EXERCISE INSTRUCTIONS: Output the data word for word, dropping every image.

STORED DATA:
============================================================

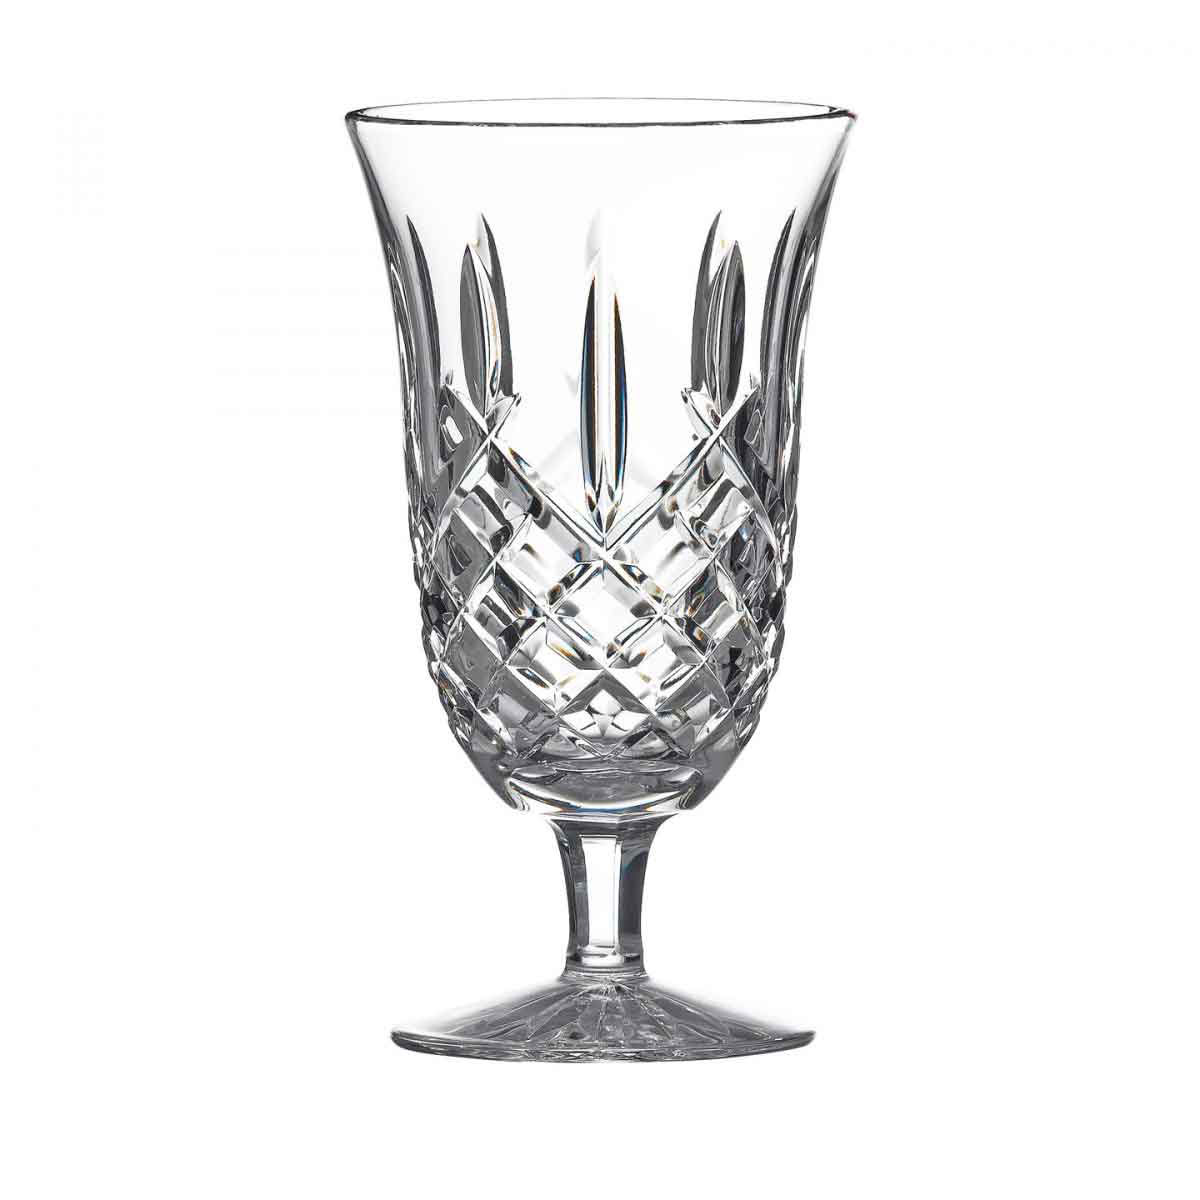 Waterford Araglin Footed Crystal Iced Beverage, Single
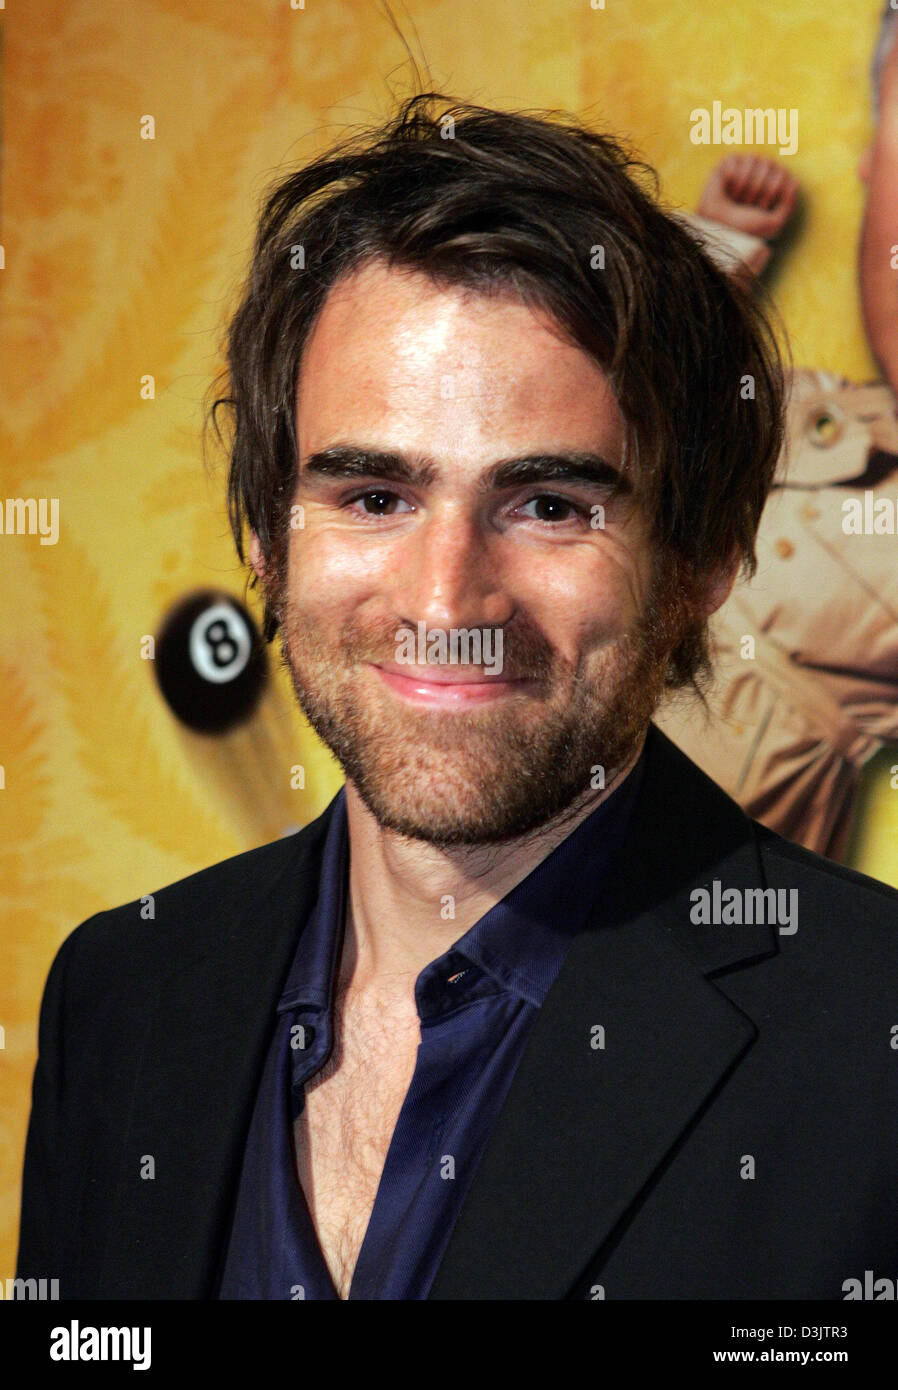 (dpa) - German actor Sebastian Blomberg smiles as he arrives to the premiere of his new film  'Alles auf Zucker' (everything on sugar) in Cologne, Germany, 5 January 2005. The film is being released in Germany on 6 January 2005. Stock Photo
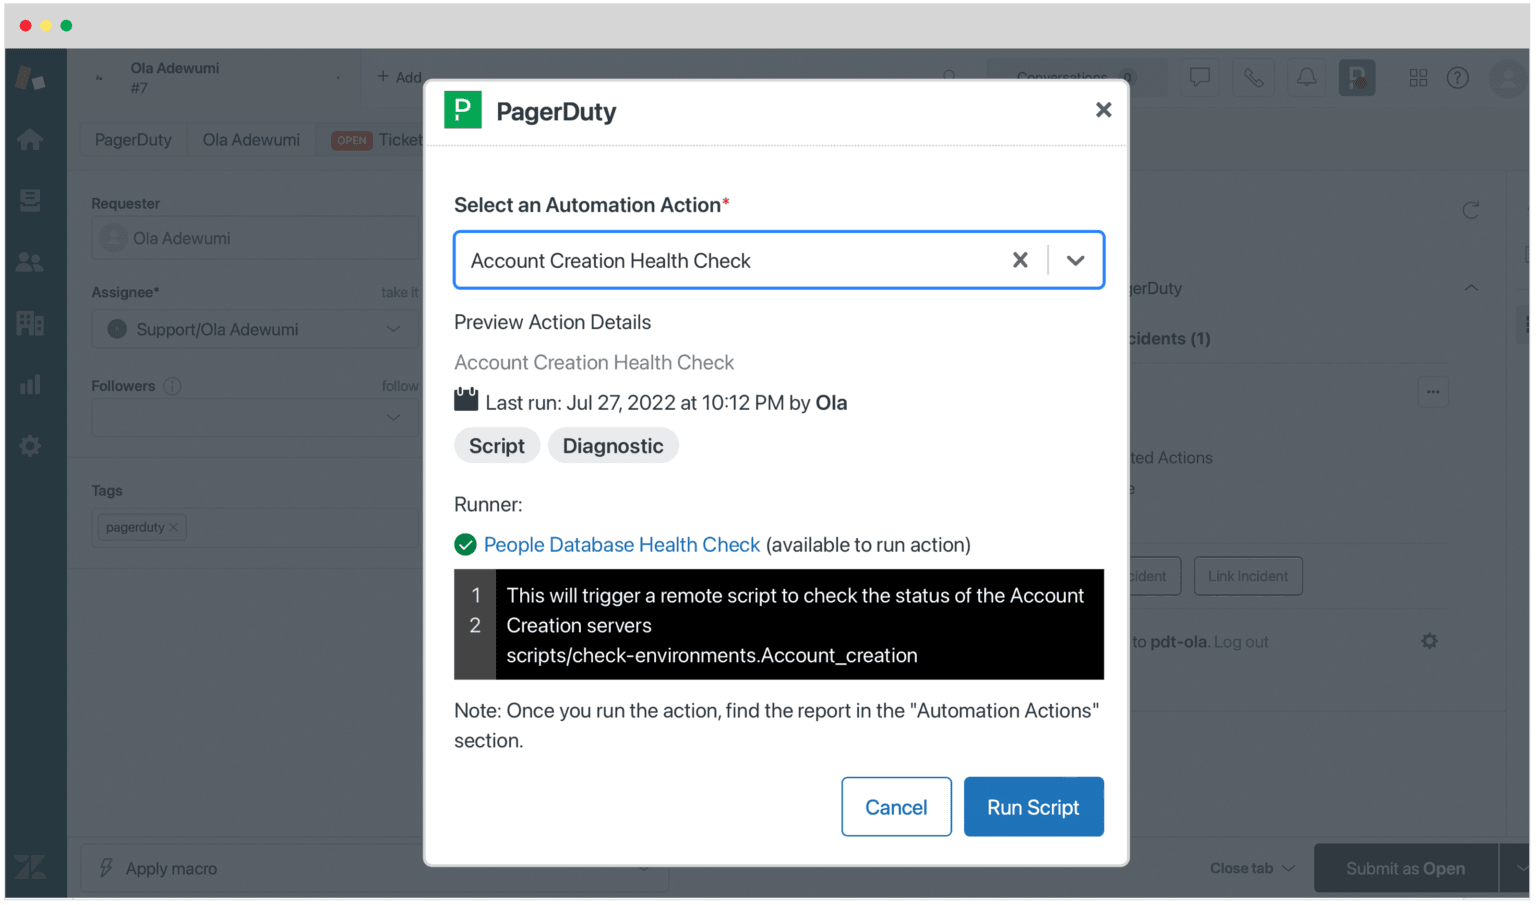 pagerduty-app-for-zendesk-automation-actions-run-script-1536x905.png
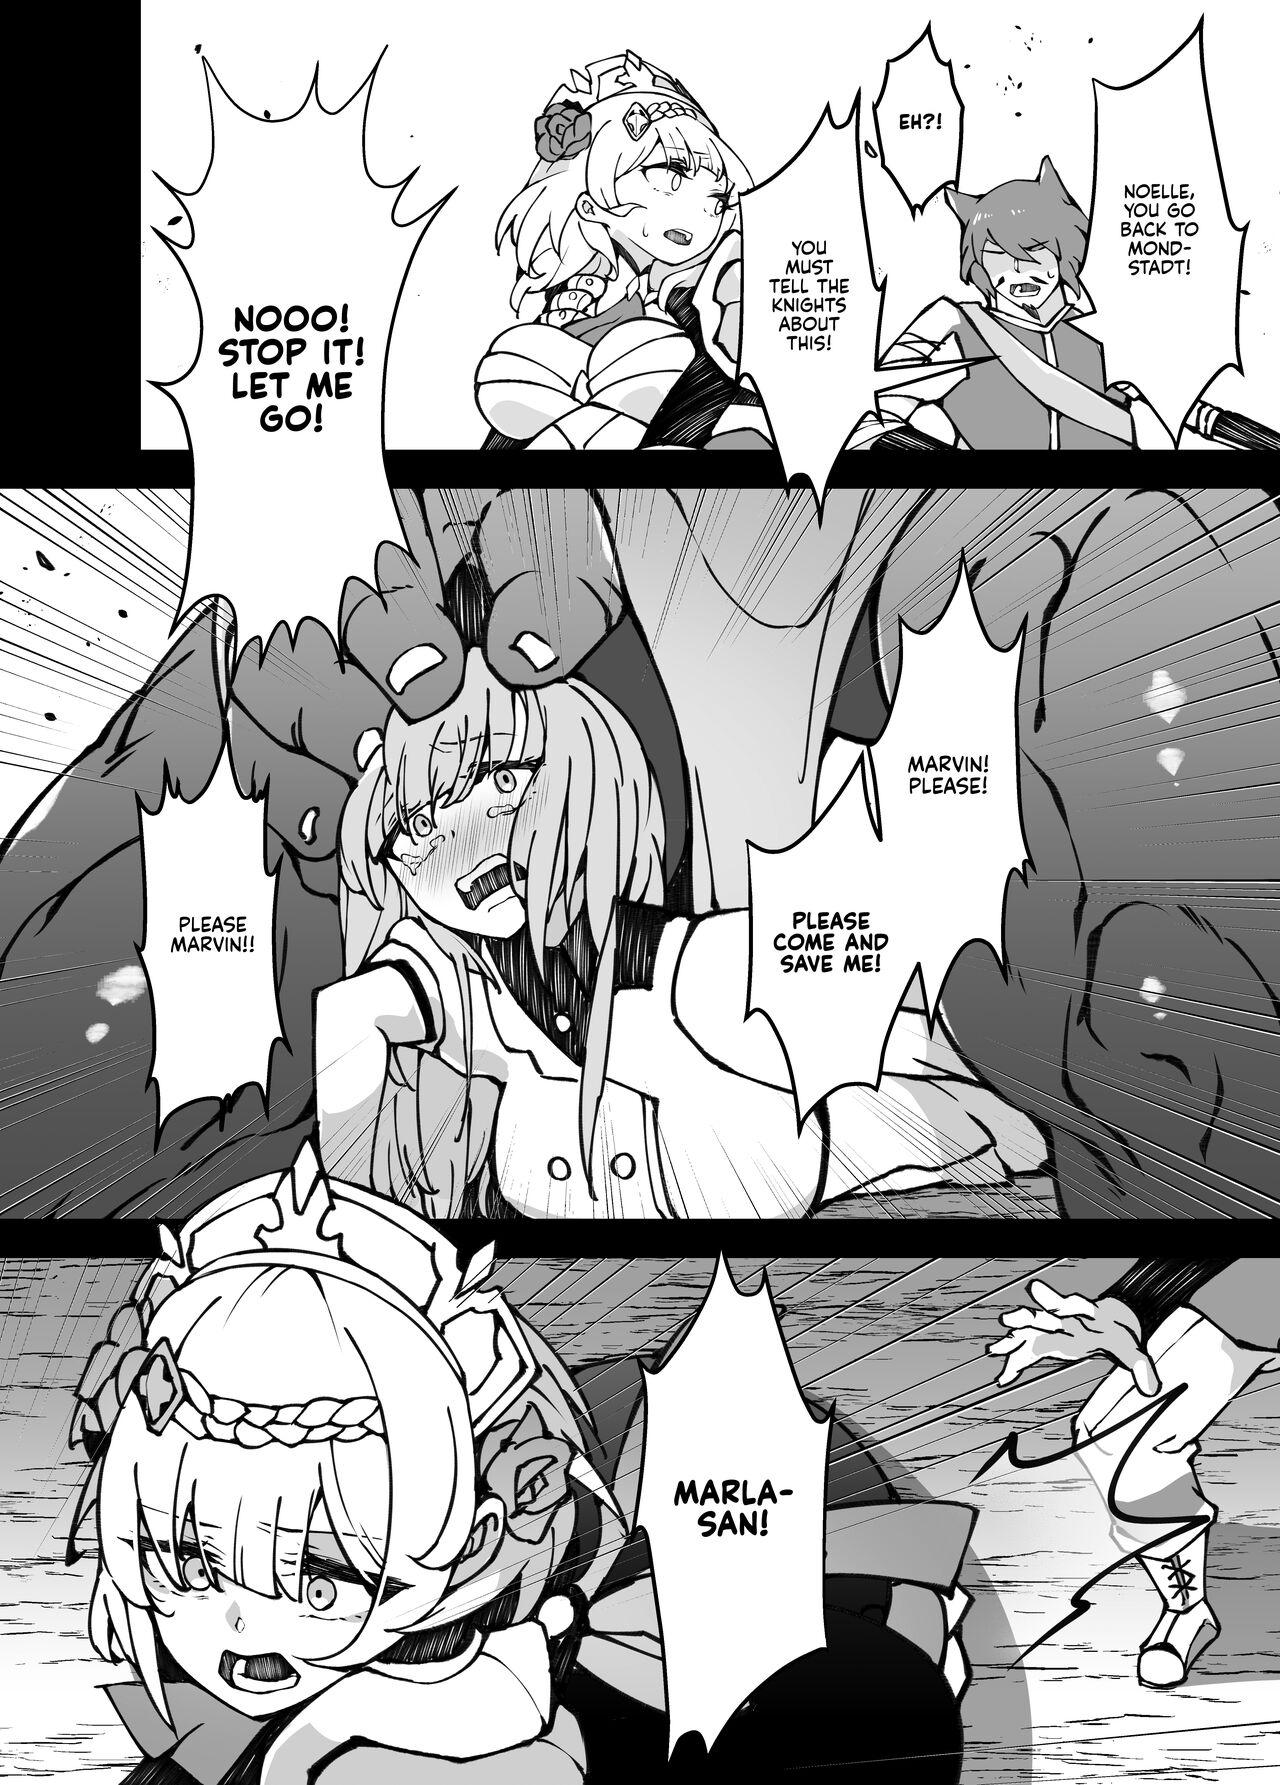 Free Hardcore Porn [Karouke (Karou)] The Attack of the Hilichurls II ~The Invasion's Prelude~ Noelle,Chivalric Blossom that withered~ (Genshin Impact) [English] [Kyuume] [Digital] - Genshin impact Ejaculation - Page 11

============================================================

REPLY TO THE TASK:
 Waterford Araglin Footed Crystal Iced Beverage, Single
 (dpa) - German actor Sebastian Blomberg smiles as he arrives to the premiere of his new film  'Alles auf Zucker' (everything on sugar) in Cologne, Germany, 5 January 2005. The film is being released in Germany on 6 January 2005. Stock Photo
 pagerduty-app-for-zendesk-automation-actions-run-script-1536x905.png
 Free Hardcore Porn [Karouke (Karou)] The Attack of the Hilichurls II ~The Invasion's Prelude~ Noelle,Chivalric Blossom that withered~ (Genshin Impact) [English] [Kyuume] [Digital] - Genshin impact Ejaculation - Page 11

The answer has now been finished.